Wir haben 3 Museen besucht, die wir allesamt wärmstens empfehlen können:
Das Deutsche Spionagemuseum am Leipziger Platz (im nahtlosen Übergang an den Potsdamer Platz) widmet sich der Geschichte und Gegenwart der Spionage, mit einem besonderen Fokus auf den Kalten Krieg. Die top-moderne Ausstellung lässt die Besucher tief in die Abgründe der Informationsbeschaffung eintauchen bei der absolut jedes Mittel recht ist, um ans Ziel zu gelangen. Selbst grundsätzlich gefestigte Persönlichkeiten werden nach dem Besuch des Deutschen Spionagemuseums von einer gewissen Paranoia heimgesucht.
Das DDR Museum in der Karl-Liebknecht-Straße 1 (direkt am Spree Ufer gegenüber dem Berliner Dom) präsentiert eine moderne, teils interaktive Ausstellung über das „künstliche Gebilde“ DDR. Klar und übersichtlich wird die Entstehung des Arbeiter- und Bauernstaats dokumentiert, von seinen ursprünglich hehren Idealen bis hin zur diktatorischen Verfremdung und Zerstörung derselben und der kompletten Abschottung vom Westen. Die Integration einer kompletten zeithistorischen Wohnung gibt interessante Einblicke in das Privatleben und Wohnen der DDR-Bürger. Die Ausstellung spiegelt Fakten wider, ist weder eine sentimentale Verklärung noch eine derbe Verunglimpfung der Vergangenheit und somit unbedingt empfehlenswert.

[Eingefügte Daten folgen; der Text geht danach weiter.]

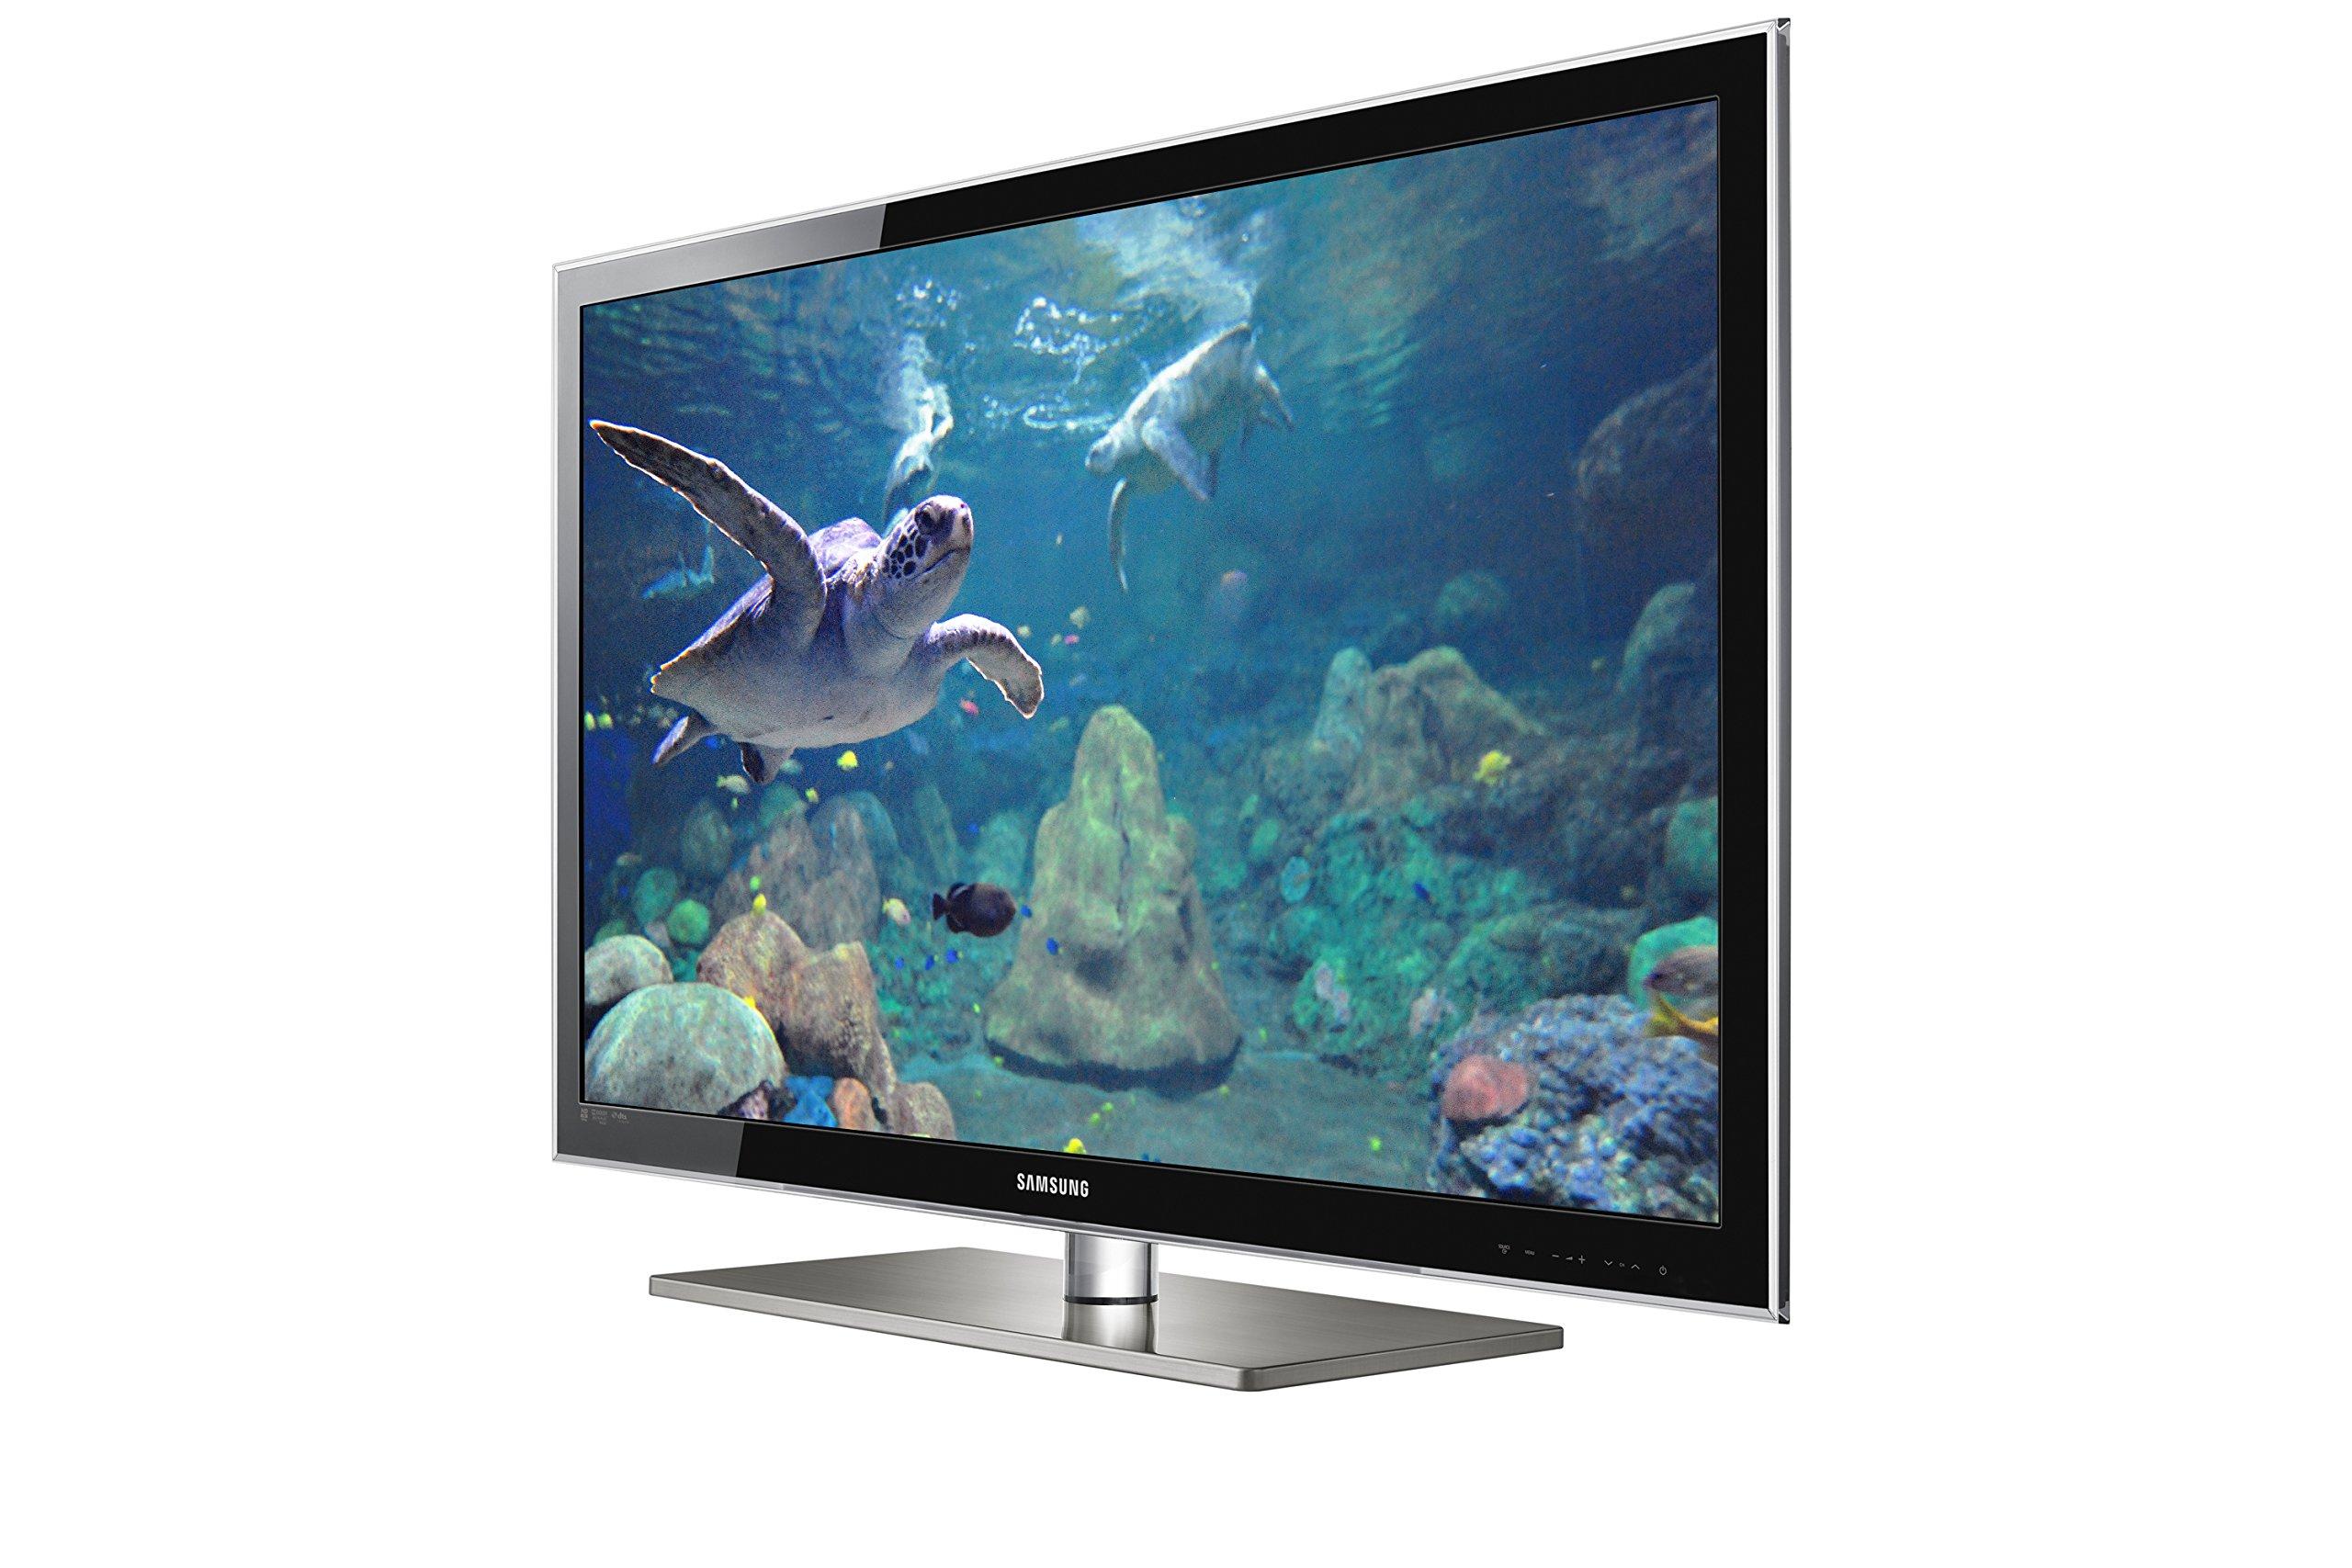 Samsung UE40C6000- Televisión, Pantalla 40 pulgadas: Amazon.es: Electrónica

Das Museum in der Kulturbrauerei „Alltag in der DDR“ (Knaackstraße 97, direkt am riesigen Areal der Kulturbrauerei am Prenzlauer Berg/Pankow), liefert bei freiem Eintritt interessante Einblicke in das tägliche Leben der Menschen in der DDR. Das Museum, das von der Stiftung Haus der Geschichte der Bundesrepublik Deutschland betrieben wird, ist thematisch aufgebaut und legt den Fokus auf typische Lebensbereiche. Vom klassischen „Arbeiter“-Berufsleben über den Militärdienst bis hin zur Parteiarbeit, von den Nöten beim täglichen Einkauf über Freizeitbeschäftigungen bis hin zu organisierten Urlaubsreisen an die Ostsee, veranschaulicht die Präsentation sehr plakativ, wie es für Normalbürger so gewesen sein muss, in der DDR zu leben. Sehr authentisch!
Noch ein spezieller Hinweis zu den Bodenmarkierungen entlang des gesamten, innerstädtischen Mauerweges:
Kann man die Schrift normal lesen, befindet man sich augenblicklich auf ehemaligem Westgebiet.
Präsentiert sich einem der Schriftzug am Kopf stehend, befindet man sich augenblicklich auf ehemaligem Ostgebiet.
Ein entspannter Abschluss eines überwältigenden Tages am innerstädtischen Berliner Mauerradweg hat sich uns beim altehrwürdigen Zenner an der Spree in Treptow geboten. Einfach toll.
eBike und Guide:
Für unsere gesamte Tour entlang des Berliner Mauerradweges haben wir ein eBike von Berlin on Bike in der Kulturbrauerei am Prenzlauer Berg verwendet, die nicht nur alle Arten von Rädern vermieten, sondern auch spezielle Rad- und Thementouren anbieten. Begleitet wurden wir im Rahmen der ganztägigen City Tour von Sascha, einem überaus kompetenten, sprachgewandten Guide von Berlin on Bike, der sein umfangreiches Fachwissen unterhaltsam und kurzweilig zu vermitteln weiß.